The problem is that by saying we need to let go, we are falling into the trap best described in the ancient Chinese poem, “Affirming Faith in Mind,” ... “Seek movement and there’s no movement, seek rest and no rest comes instead.” The more we seek, or better put crave, to stop something or create something, the more just the opposite happens. It is one of the more frustrating attributes of our ego thinking-mind.
The answer to this conundrum is to affirm your understanding that these feelings are all in your mind, that all is one, have compassion for yourself and others ... to turn you will and your life over to the care of your true Buddha nature and be present, free of the intervention of your thinking mind..
For example, let’s say that someone you know said something to you which really pressed your buttons about yourself and upset you very much. So much so that you felt like cutting off the relationship.

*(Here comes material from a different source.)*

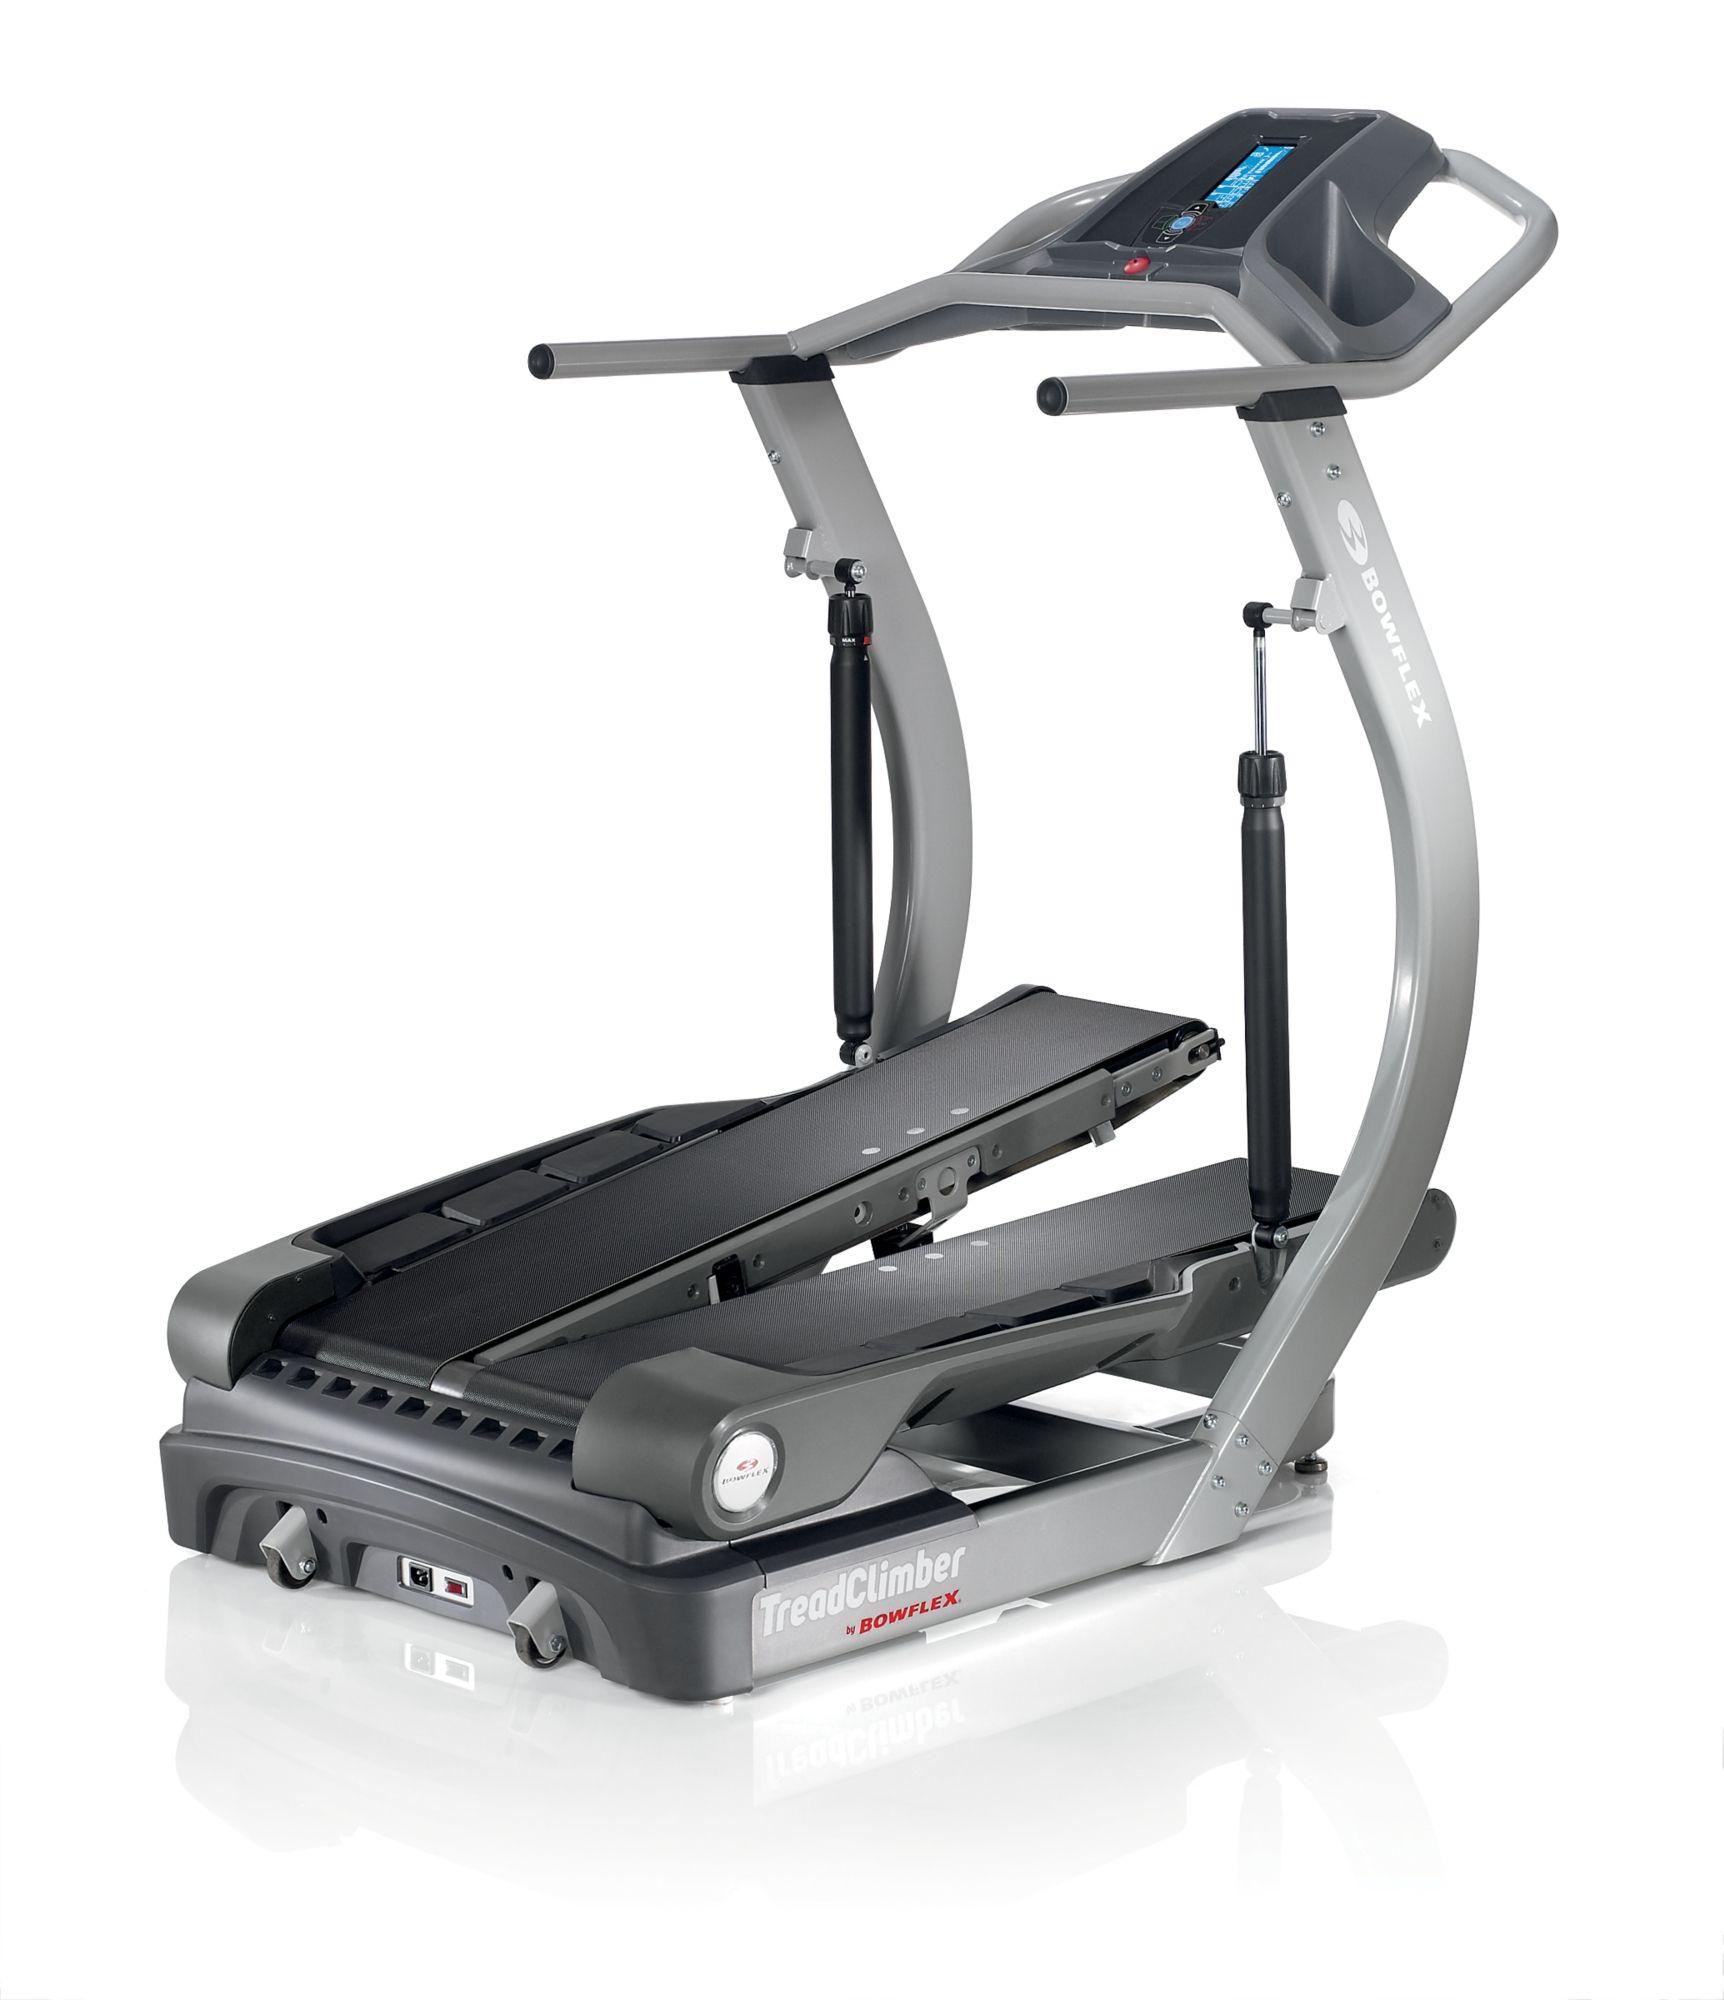 Bowflex Treadclimber Benefits: Walk At Home With A Bowflex TreadClimber TC20, Which

On reflection, you understand that this person is a good person and cares for you, but has suffered like the rest of us. And because he is not spiritual, he does not have the capacity to have empathy for you and so lashed out at you in a way that he probably lashes out at himself. He does not have compassion for himself, and thus not for others in similar situations.
You say to yourself that you have to let go of this feeling of ill will that this experience has caused you to feel towards him. But I guarantee that you would not be successful in letting that feeling go. It would hover around you and disturb your peace for days and weeks.

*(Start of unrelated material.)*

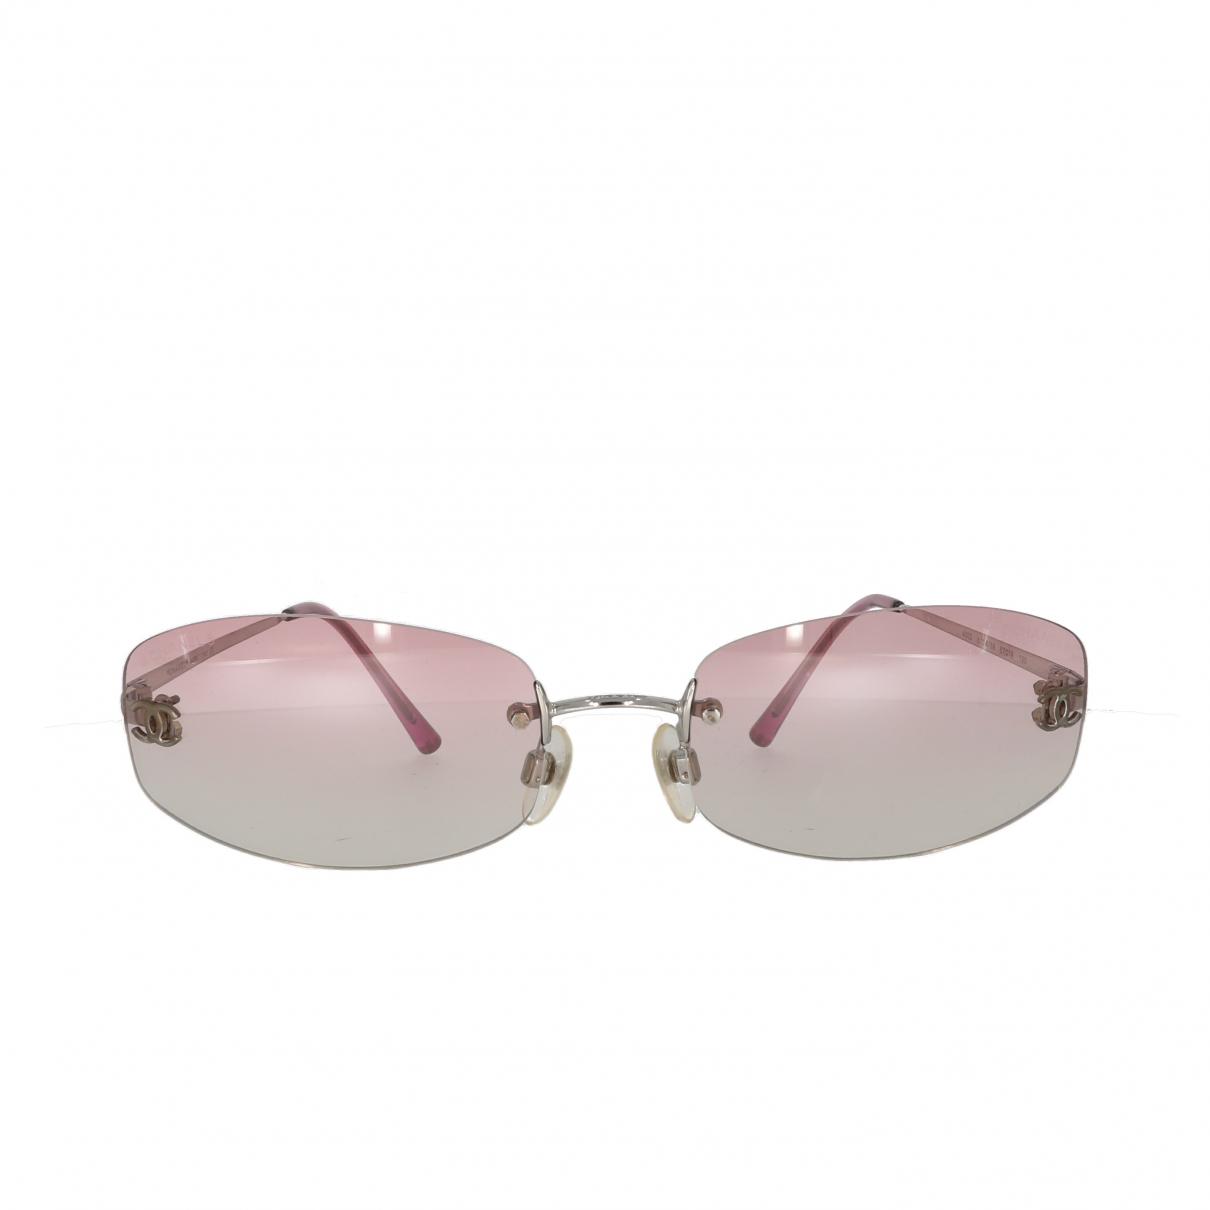 Chanel \N Pink Metal Sunglasses for Women \N

What you need to do instead is to focus on your compassion for him, on his suffering, that he is a product of his experiences just like we all are and has little control over what he does or says. Feel loving kindness towards him and realize that his comments have nothing to do with you, they do not reflect on you, but rather have everything to do with him and his ego thinking-mind.
If you focus your compassionate heart towards him, if you feel at one with him, the ill will you felt towards him will melt away. As the Chinese poem also says, “Just calmly see that all is one, and by themselves false views will go.”